First, we investigated the changes in oocyte maturation rates after 1 day. Oocytes were collected from domestic cat ovaries on the day of ovariectomy and 1 day after ovariectomy and then cultured for 28 hours to compare maturation rates by timing of ovariectomy. Next, only ovaries 1 day after ovariectomy were used to imitate the ovarian condition of individuals who had died in the wild. We examined the effects of two NAD⁺-boosting compounds, nicotinamide mononucleotide (NMN) and niacin (NA), on the IVM of domestic cat oocytes. Oocytes were cultured in IVM media supplemented with NMN or NA with different concentrations (NMN; 10µM, 100µM, 1000µM, NA; 10µM, 100µM, 400µM) for 28 hours. Also, a combination of 1000µM NMN + 400µM NA was examined on oocyte maturation after 28 hours’ culture. Following culture, the oocyte maturation were examined by immunostaining of the spindle and the chromosomes. The oxidative stress levels were also evaluated by measuring reactive oxygen species (ROS) fluorescence intensity.
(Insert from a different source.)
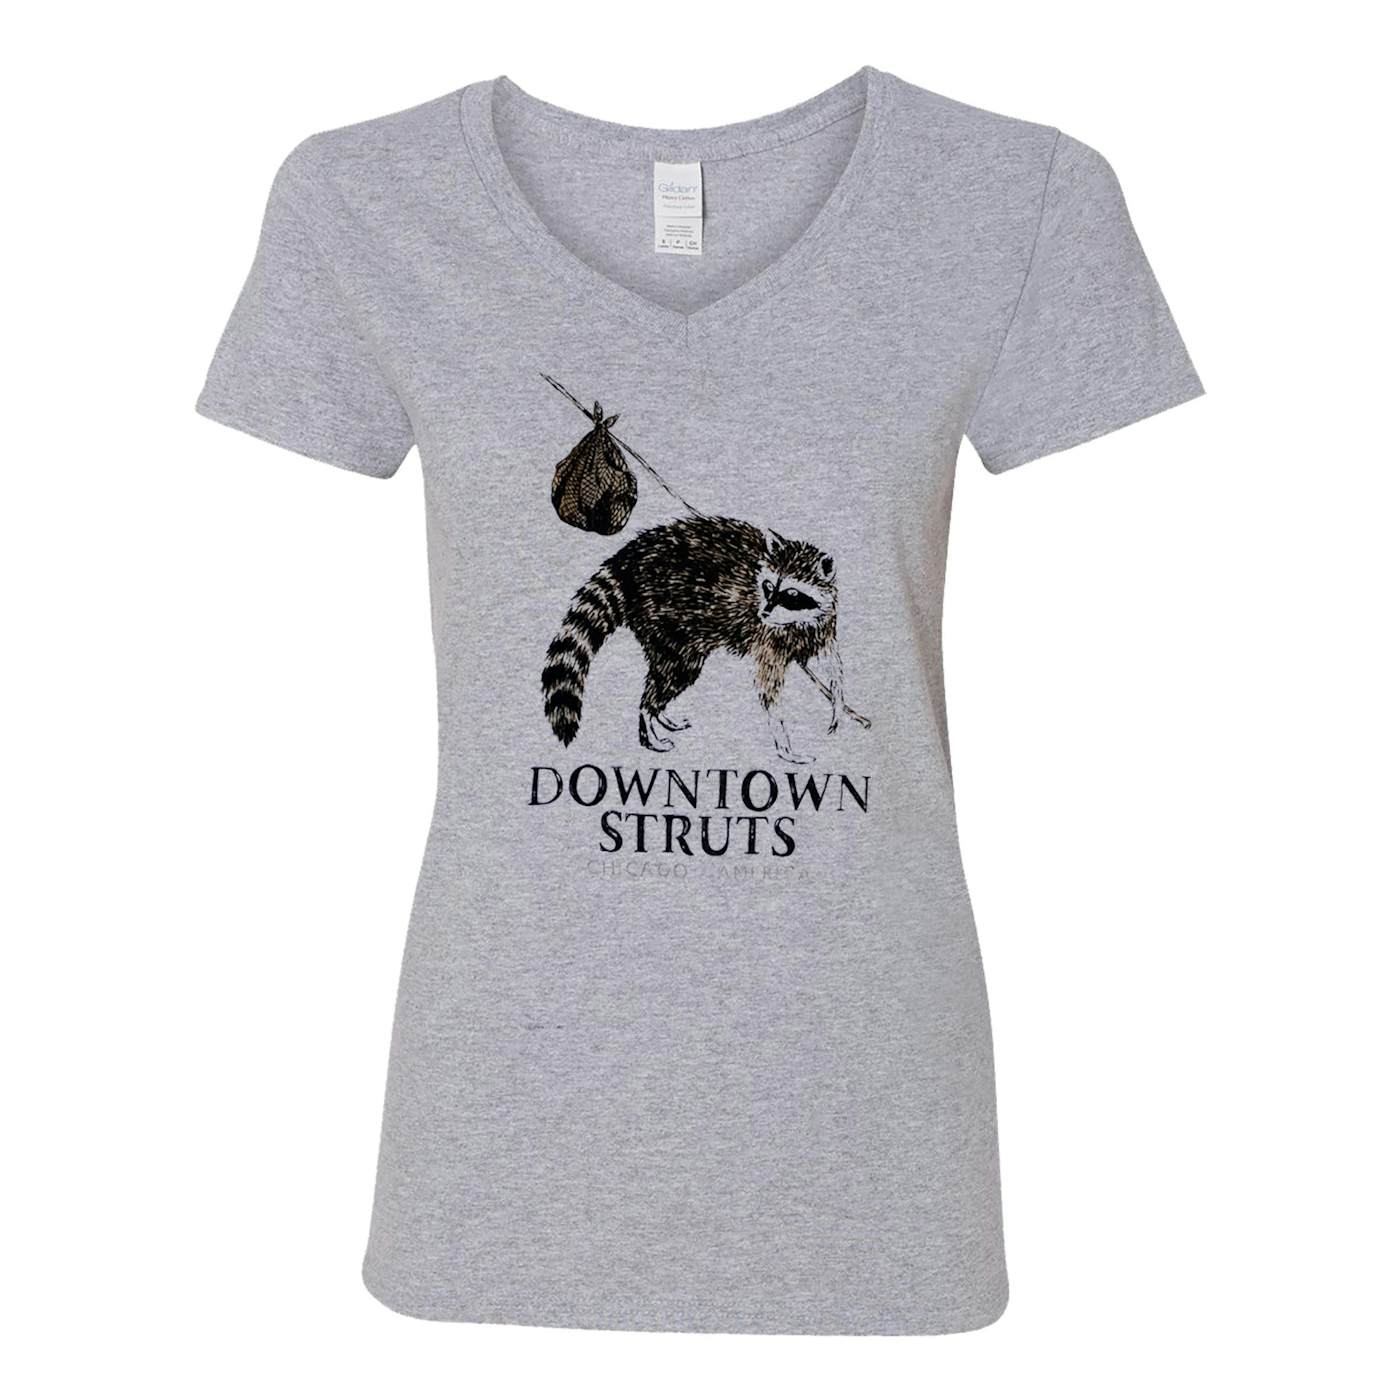 Downtown Struts - Raccoon - Grey - V-Neck - T-Shirt - Fitted

Our results showed that oocyte maturation rates were lower after 1 day (13.7 ±3.71 %) compared to on the day of ovariectomy (52.3 ± 14.3 %). In the NMN and NA supplementation experiments using ovaries one day after ovariectomy, the 400µM NA group (29.8 ± 8.62 %) and the NMN + NA combination group (30.0 ± 3.33 %) showed significantly higher maturation rates compared to the control group (P < 0.05). When NMN was added solely, 1000µM had the highest maturation rate (21.7 ± 8.30 %) but there was no significant difference from the control (16.4 ±7.69 %). In addition, ROS levels were significantly reduced in oocytes cultured with 1000µM NMN only (P < 0.01) and with NMN + NA (P < 0.001), compared to the control group. On the contrary, NA supplementation did not reduced ROS levels.

These results indicate that supplementation of NMN and NA on culture medium not only enhances oocyte maturation but also effectively reduces ROS levels in domestic cat oocytes. This study provided the improvement of oocytes IVM medium in domestic cats as a potentially applicable for wild felids.